THE TASK: Without changing a word, return the listing below, minus its images.

DATASET EXTRACT:

------------------------

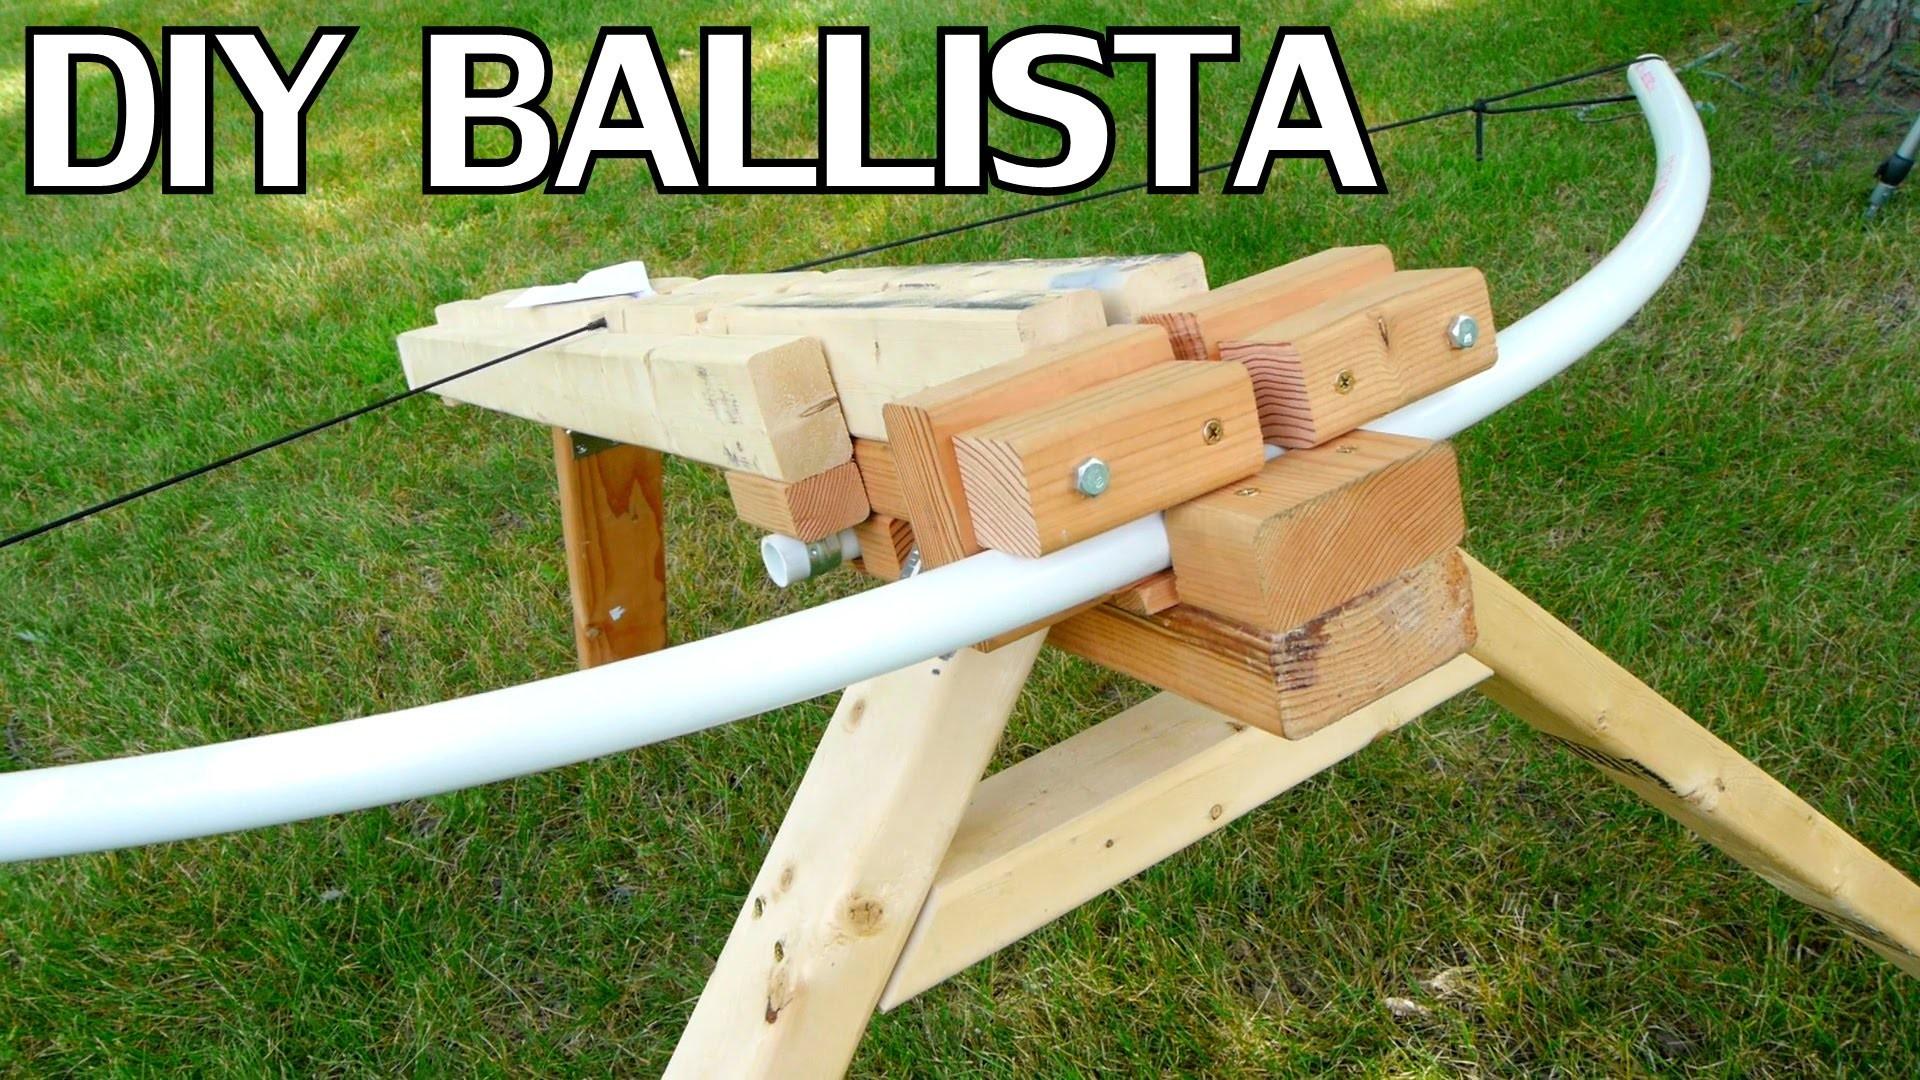 DIY Paper Airplane Ballista
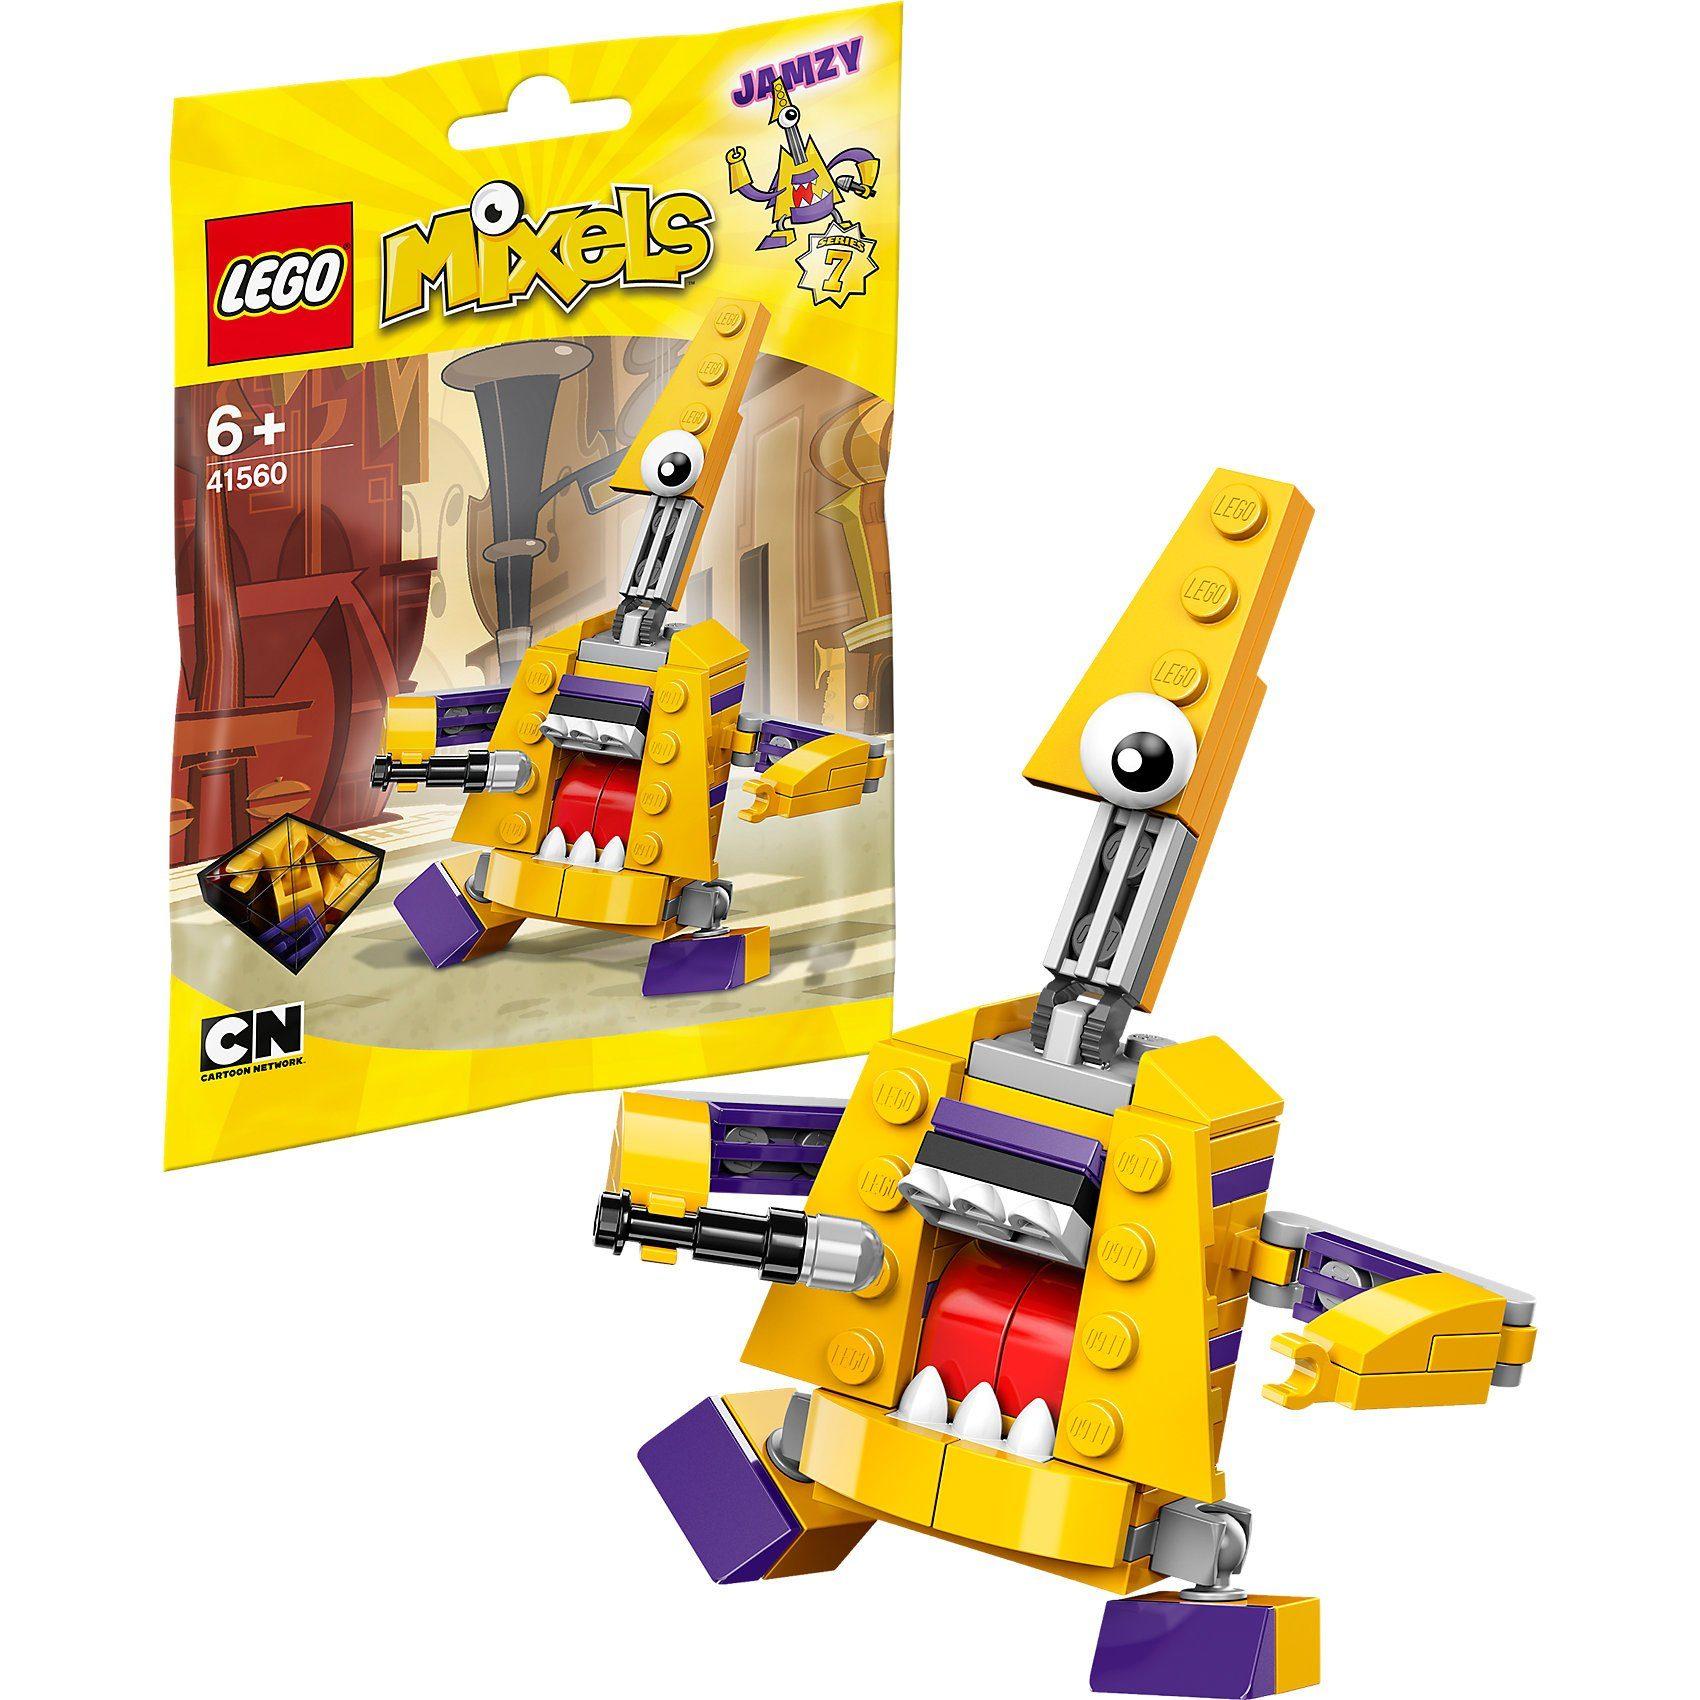 LEGO 41560 Mixels Jamzy
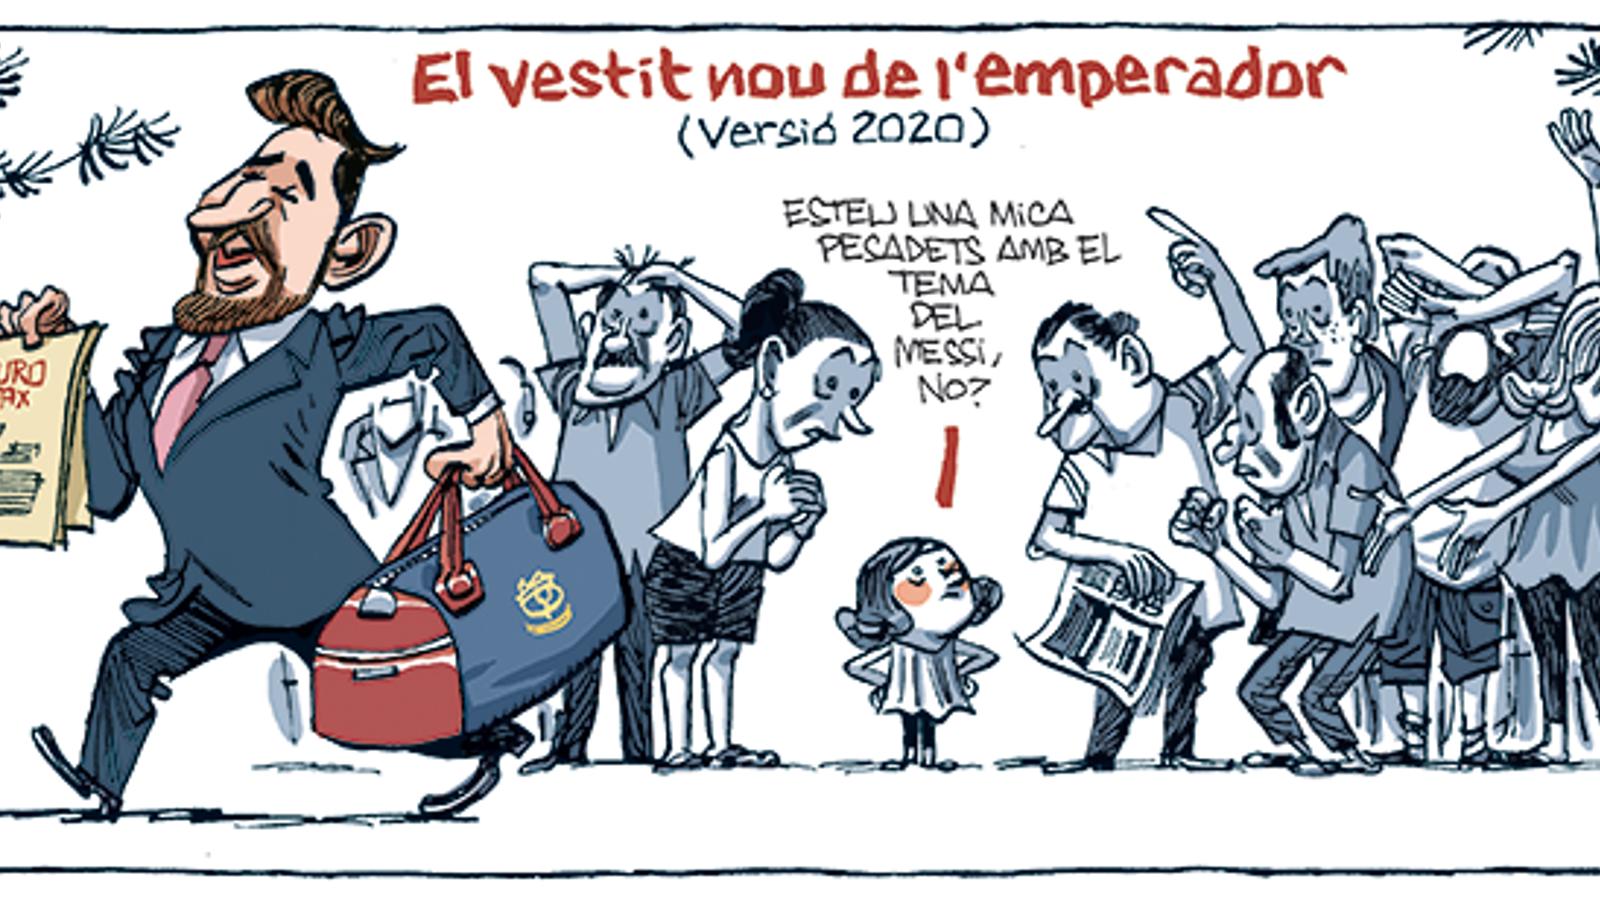 'A la contra', per Fontdevila 27/08/2020

------------------------

WRITTEN SOLUTION:
 DIY Paper Airplane Ballista
 LEGO 41560 Mixels Jamzy
 'A la contra', per Fontdevila 27/08/2020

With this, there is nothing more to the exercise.